Among the entries below, which lines run from the line with "Hotel Schütthof in Zell am See" through the line with "AWE Tuning Mk7"? Retype those, both ends included, exactly and without pictures.
[[ RECORDED INFORMATION open ]]
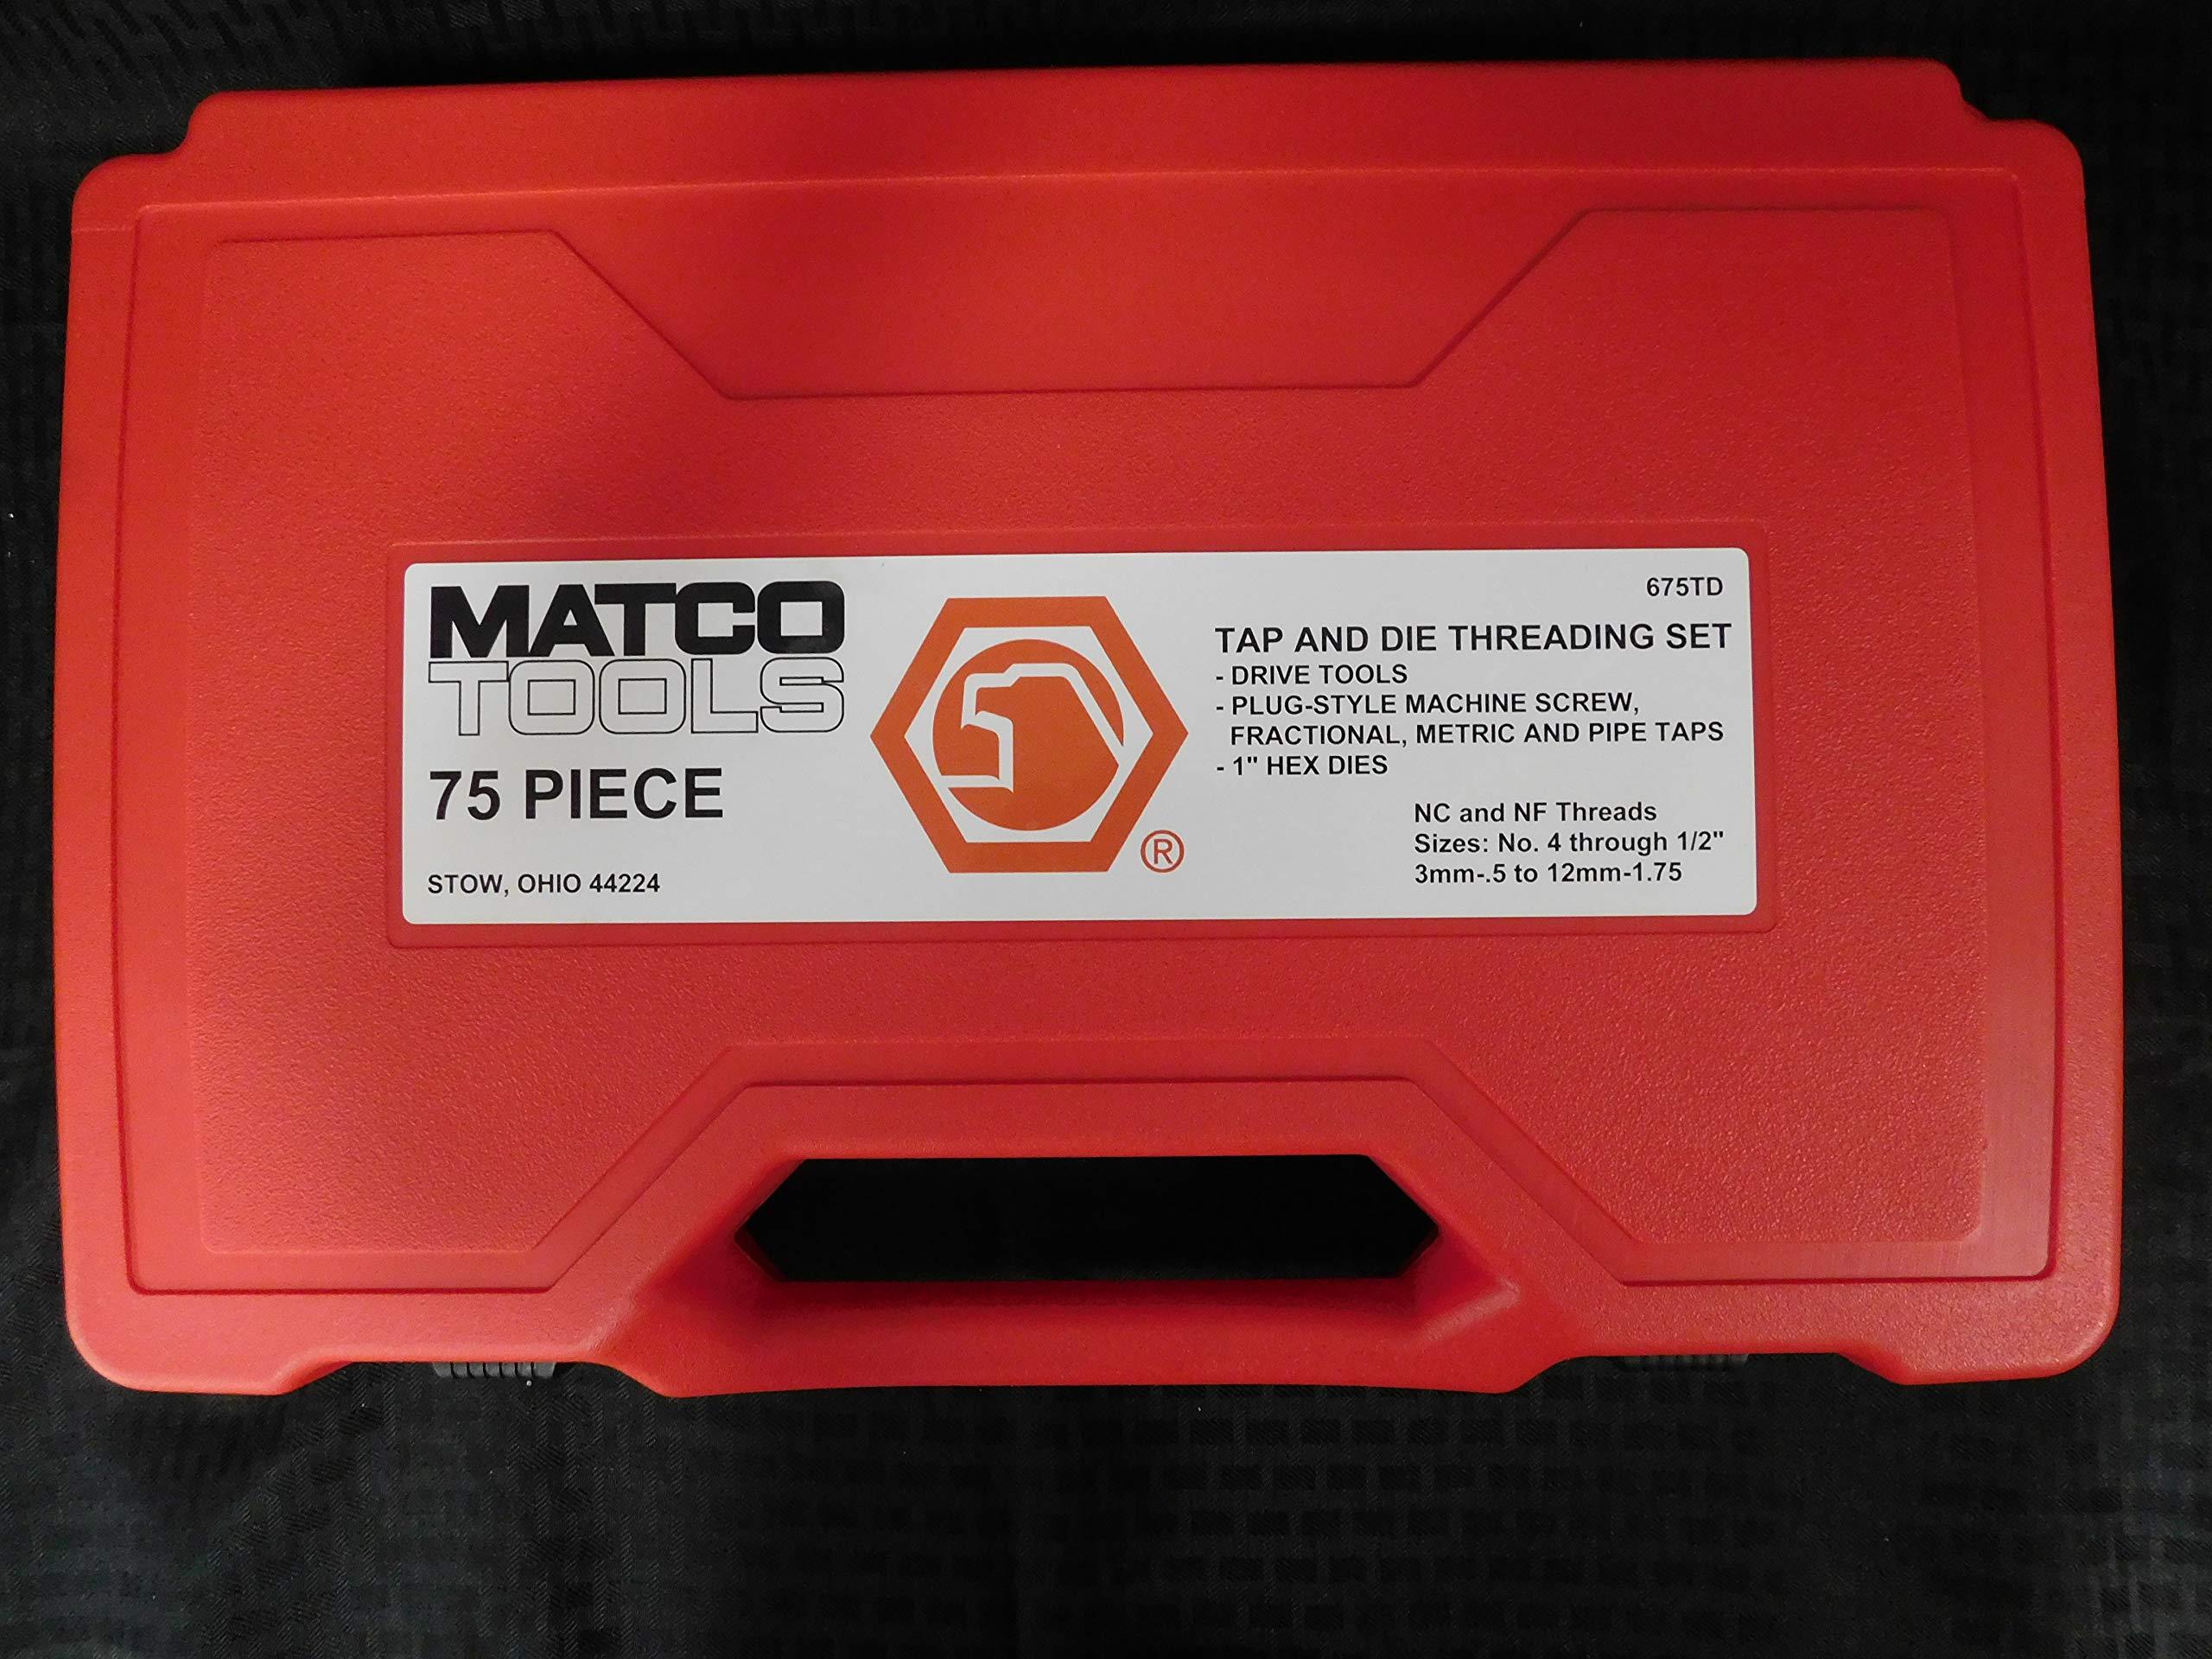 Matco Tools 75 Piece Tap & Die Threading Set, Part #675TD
[[ RECORDED INFORMATION closed ]]
[[ RECORDED INFORMATION open ]]
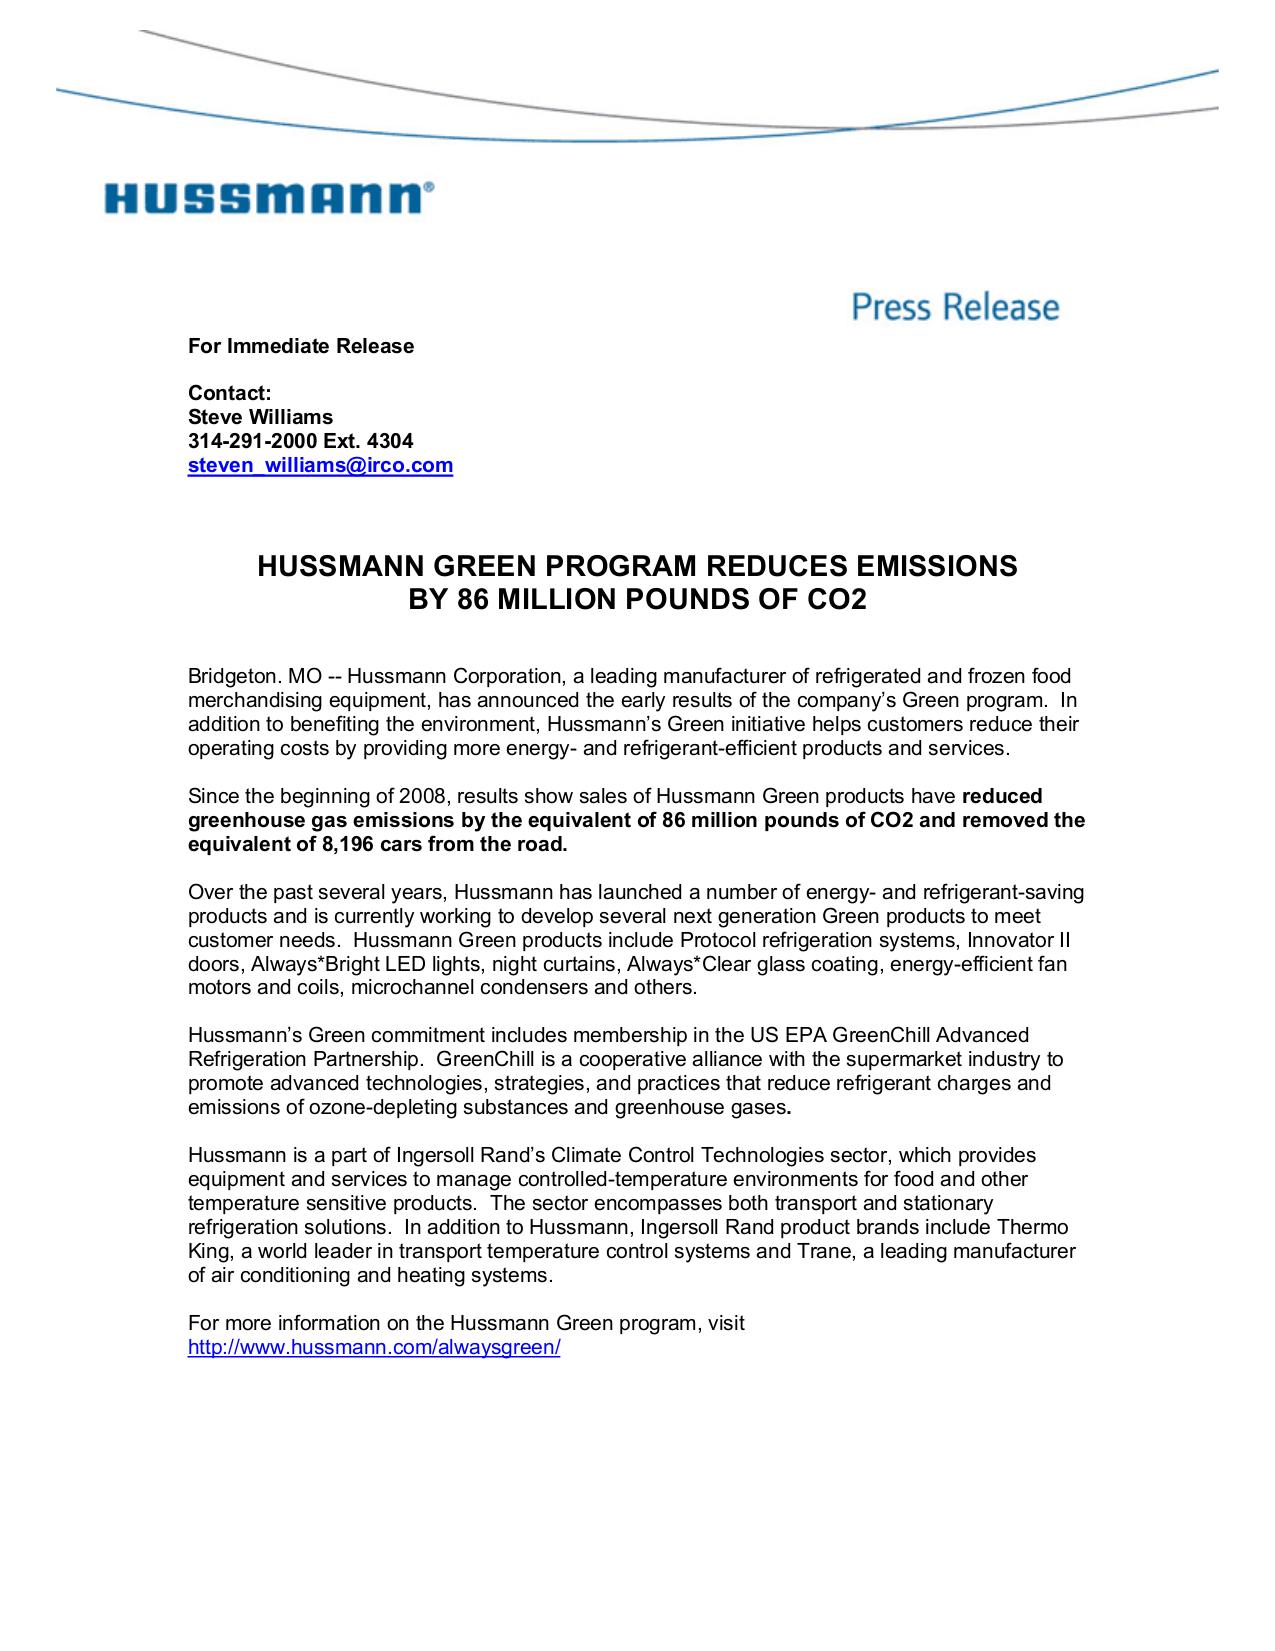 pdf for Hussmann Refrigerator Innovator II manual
[[ RECORDED INFORMATION closed ]]
[[ RECORDED INFORMATION open ]]
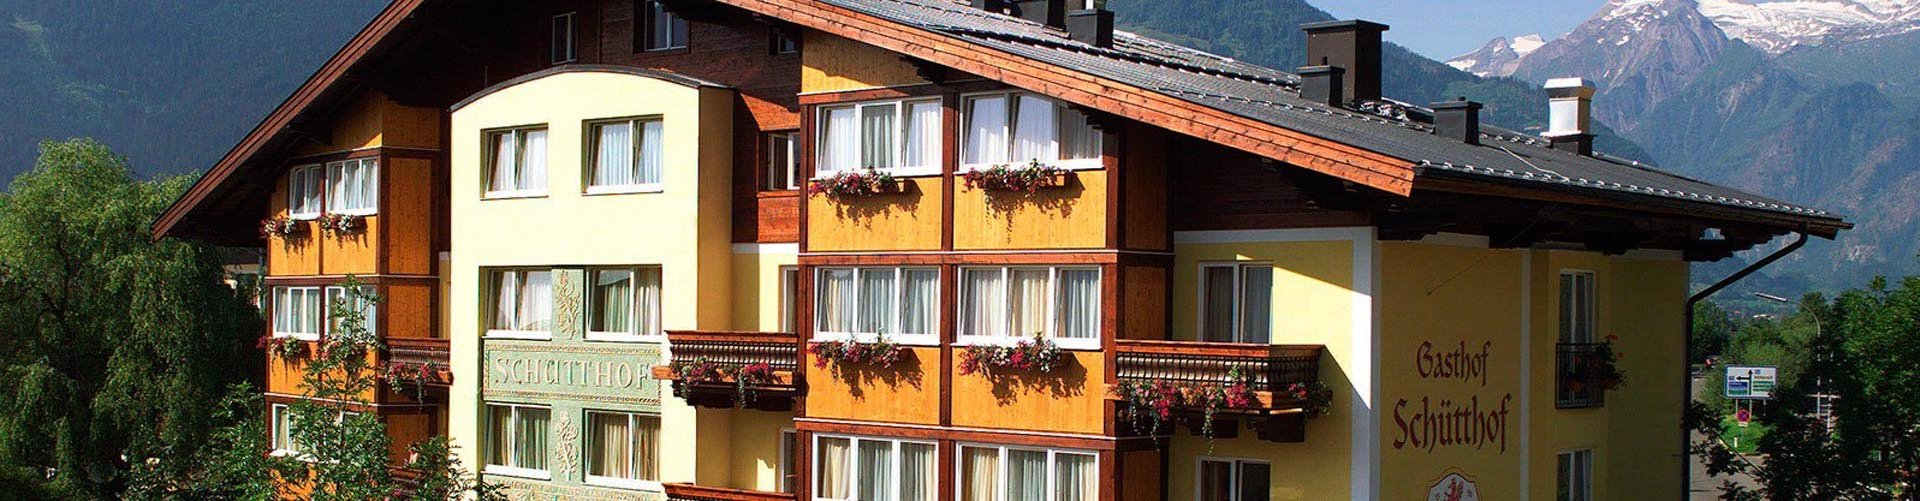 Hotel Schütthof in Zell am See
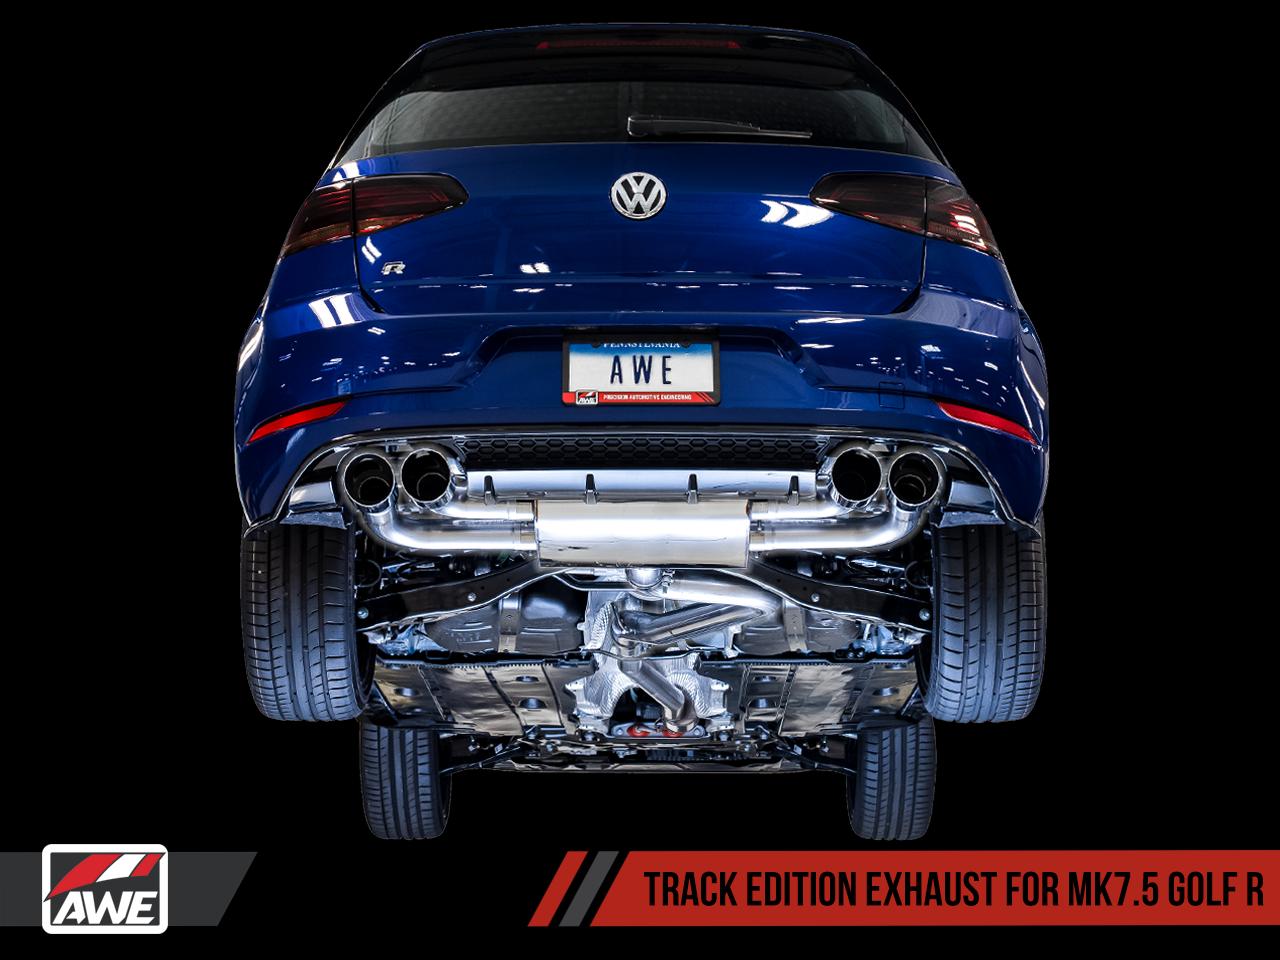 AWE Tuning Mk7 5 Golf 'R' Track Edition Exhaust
[[ RECORDED INFORMATION closed ]]
## [OUTPUT FOR THIS TASK]
 Hotel Schütthof in Zell am See
 AWE Tuning Mk7 5 Golf 'R' Track Edition Exhaust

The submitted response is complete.